# Herc's Birthday!



## hercsmom (Jul 6, 2010)

So, a little off topic, but I'm very excited because its Herc's birthday tomorrow! He's our New Years Baby. He'll be 1. Its strange to think at this time last year I wasnt even thinking of hedgehogs, and now I can't picture life without him. I should have made a mealie cake or something! :lol:


----------



## susanaproenca (Aug 14, 2010)

Yaaay, happy birthday to Herc -- in case I don't log in tomorrow!


----------



## hercsmom (Jul 6, 2010)

Thanks Susana, give Pete & Mustard hugs for me!


----------



## susanaproenca (Aug 14, 2010)

I'll give Mustard a hug and blow Pete a kiss... she doesn't like hugs that much! :lol:


----------



## MissC (Nov 15, 2010)

hercsmom said:


> I should have made a mealie cake or something! :lol:


 :shock: 
eeeewwwwww......can't...get...this...picture...out...of...my...mind...
(and I'm about to eat dinner...gulp...)

Happy Birthday, Herc!!


----------



## susanaproenca (Aug 14, 2010)

MissC said:


> hercsmom said:
> 
> 
> > I should have made a mealie cake or something! :lol:
> ...


There you go:

http://www.everything4gardenbirds.co.uk ... od_97.html

:lol: :lol:


----------



## Alastrina (Sep 18, 2009)

hercsmom said:


> So, a little off topic, but I'm very excited because its Herc's birthday tomorrow! He's our New Years Baby. He'll be 1. Its strange to think at this time last year I wasnt even thinking of hedgehogs, and now I can't picture life without him. I should have made a mealie cake or something! :lol:


Happy Birthday Herc!

Instead of a mealie cake, how about mealie pudding? Toss some fruit/veg baby food or some plain chicken into a blender, add some mealies, puree and serve!

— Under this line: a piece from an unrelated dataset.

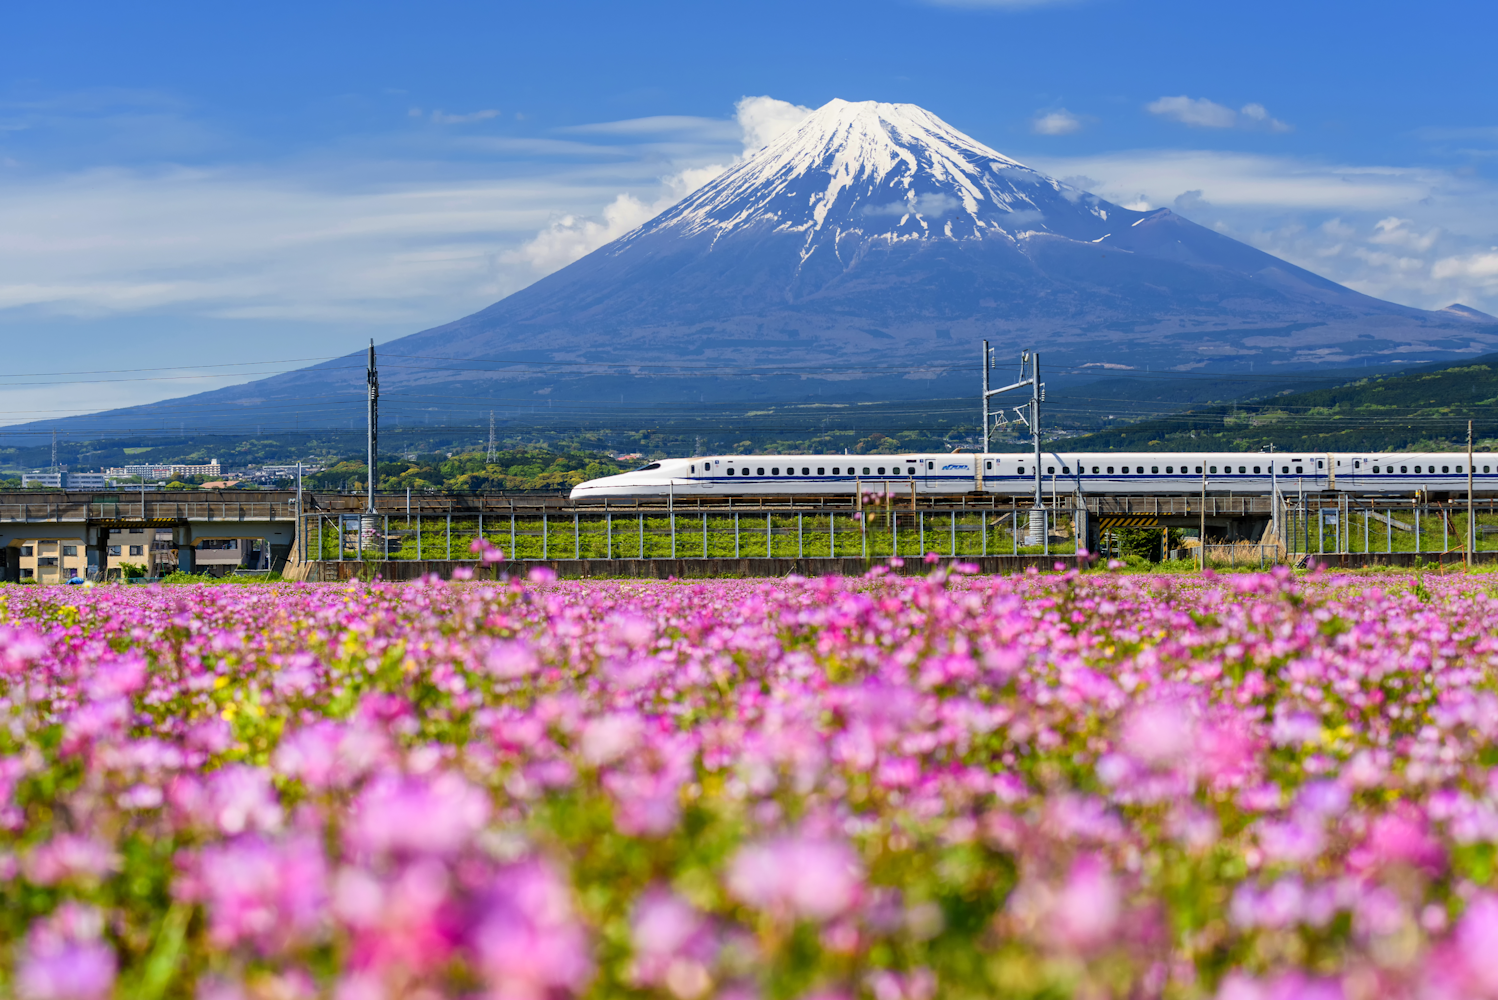 JR Bullet train running pass through Mount Fuji

Hedgies have a way of slowly capturing our hearts. Once they're there, they're there to stay ^_^

~Katie


----------



## Hedgieonboard (Nov 15, 2009)

Happy Birthday Herc  I agree, hedgies have a way of getting into your heart and staying. I would love to have more one day.


----------



## ThePliny (Jun 3, 2010)

Happy Birthday Mr. Herc! Hope it is full of mealies and other tasty treats ... !


----------



## hercsmom (Jul 6, 2010)

Hercules says thanks everyone! 

And that mealie cake made me want to barf...ewwww! :lol:


----------



## Nancy (Aug 22, 2008)

Happy Birthday Hercules. Tell mom to get making you that mealie cake. :lol:


----------



## hercsmom (Jul 6, 2010)

Nancy said:


> Happy Birthday Hercules. Tell mom to get making you that mealie cake. :lol:


Haha...not a chance! :lol:


----------



## hercsmom (Jul 6, 2010)

If any of you have facebook, check out Pierce's Pogs today. Herc is the cute pic of the day! What a great birthday present!


----------



## Hedgehog Grove (Jul 21, 2010)

HAPPY BIRTHDAY HERC XOX
We hope your mommy gives you some extra mealies.
From all of us here at Hedgehog Grove!


----------



## tie-dye hedgie (Dec 19, 2009)

Happy Birthday Herc! Hope you have a wonderful day!


----------



## LarryT (May 12, 2009)

Happy Birthday Herc! And here's to many more!!


----------



## hercsmom (Jul 6, 2010)

Herc says thanks guys, he had an awesome mealie-filled birthday, and lots of snuggles. He did however, party like a rock star last night. I woke up to a cage that was completely trashed, and his tp tube was standing up in his water dish! I think he had a good night....


----------



## shetland (Sep 2, 2008)

Happy Birthday little one. I will check out your cute pic on Face book!!!!


----------



## CoxMD (Apr 30, 2010)

Happy birthday Herc! 

Basil suggests Blue Buffalo's Wilderness Turkey wet cat food for a birthday treat, he got some for Christmas dinner and loved it.


----------



## RalphsMum (Oct 14, 2010)

hercsmom said:


> Herc says thanks guys, he had an awesome mealie-filled birthday, and lots of snuggles. He did however, party like a rock star last night. I woke up to a cage that was completely trashed, and his tp tube was standing up in his water dish! I think he had a good night....


  :lol: :lol:

Totally missed this thread - happy belated birthday to Herc!


----------



## hercsmom (Jul 6, 2010)

RalphsMum said:


> :lol: :lol:
> 
> Totally missed this thread - happy belated birthday to Herc!


 ThankYou!


----------